The phone calls have started at the rectory. "Are you giving out ashes tomorrow?" (I'd love, just once, to answer, "No, this year we're giving out corn flakes!"). The regular Mass-goers aren't calling, after all if you went to Church over the weekend you not only heard what times ashes would be imposed, but you took home a bulletin with the schedule for Ash Wednesday written down.
Now, before I get the "You're not being pastoral; maybe this'll be the year that they come back to being practicing Catholics" comments, I acknowledge that some of this afternoon's and tonight's callers might be people who are regular Mass-goers who are simply looking for a church nearby their place of work. But I also know (as do my brother Priests, whose rectory telephones are ringing tonight just as consistently) that the majority of them are the People of God who haven't been to Mass since Christmas Eve, since they choose not to obey the Church's precept of weekly Mass attendance.
Take a look around while you're at Mass tomorrow and remind yourself: assuming everyone in the pews are Catholics, then this is how crowded it should be every Sunday and Holy Day of Obligation (which, I might add, Ash Wednesday is not).

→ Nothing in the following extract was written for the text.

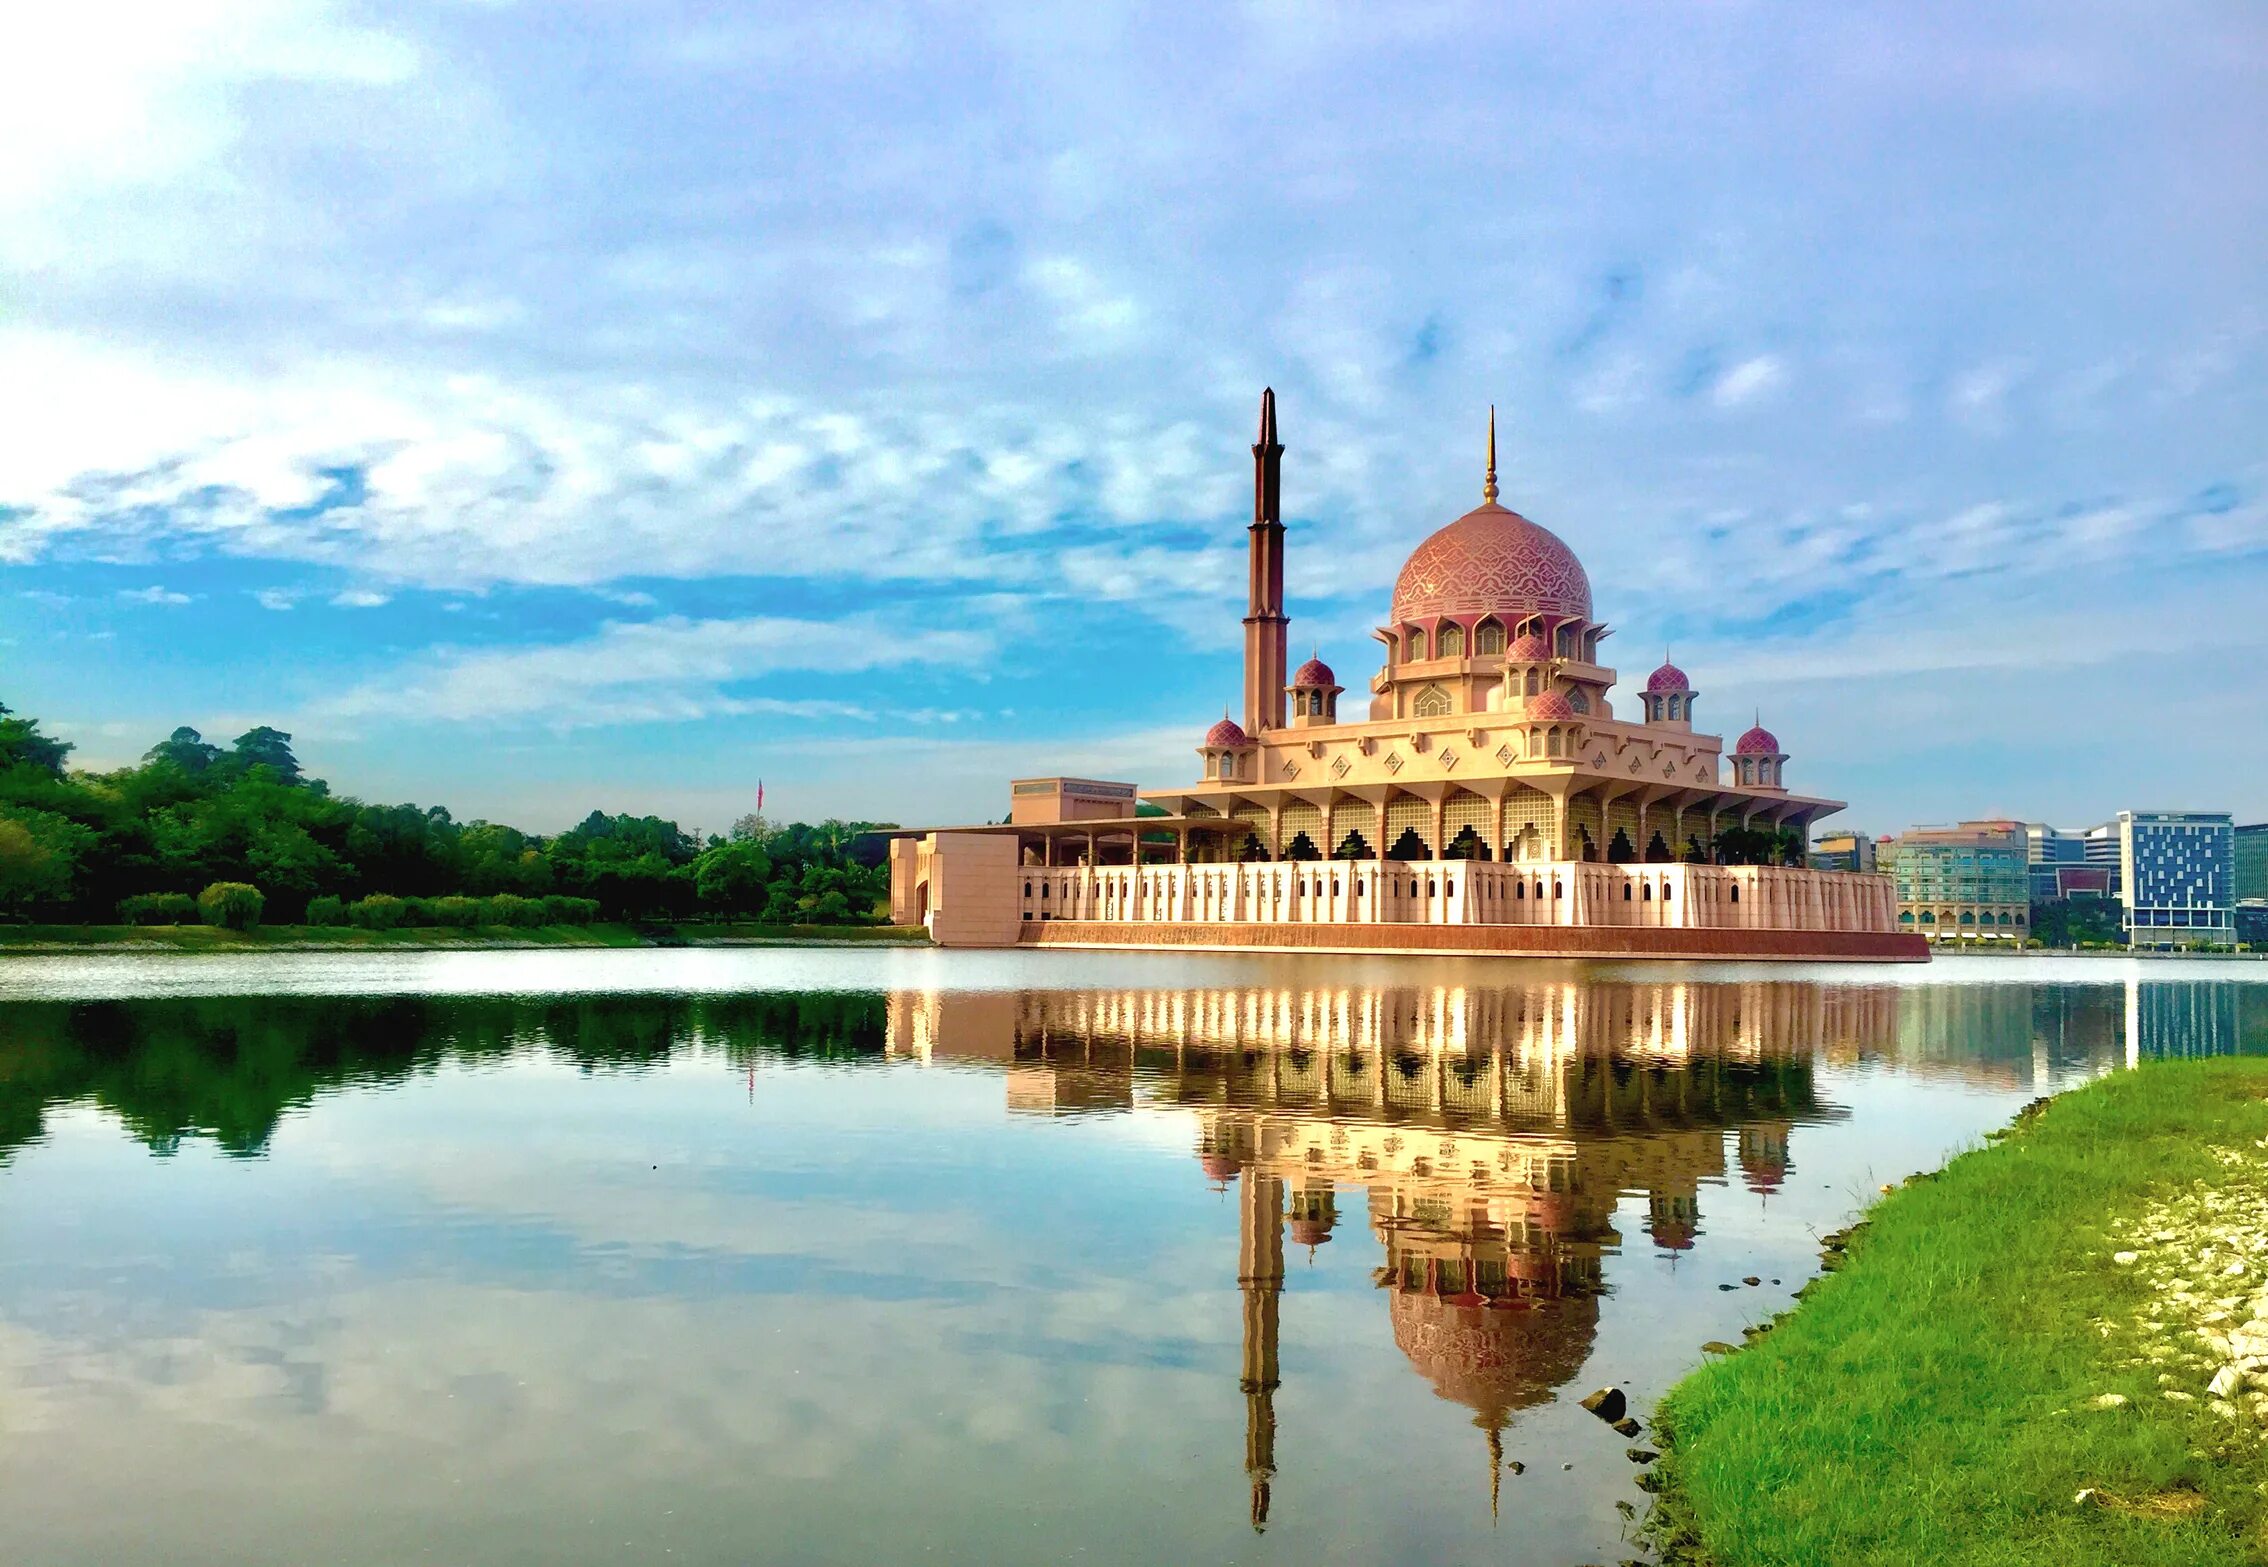 Unique landmarks. Путраджайя Малайзия. Мечеть Путраджайя. Путраджая Куала Лумпур. Путраджайя розовая мечеть.

Snap a mental picture, or if you wish, actually do bring your digital camera into church with you, sit in the first or second row, and with about 2 minutes to go before Mass begins, stand up, turn around, and snap some photos of the crowd. Then, the First Sunday of lent, do the same thing. Compare photos.
Well, now that my rant is done, time for me to make my Lenten resolution to be all warm and fuzzy.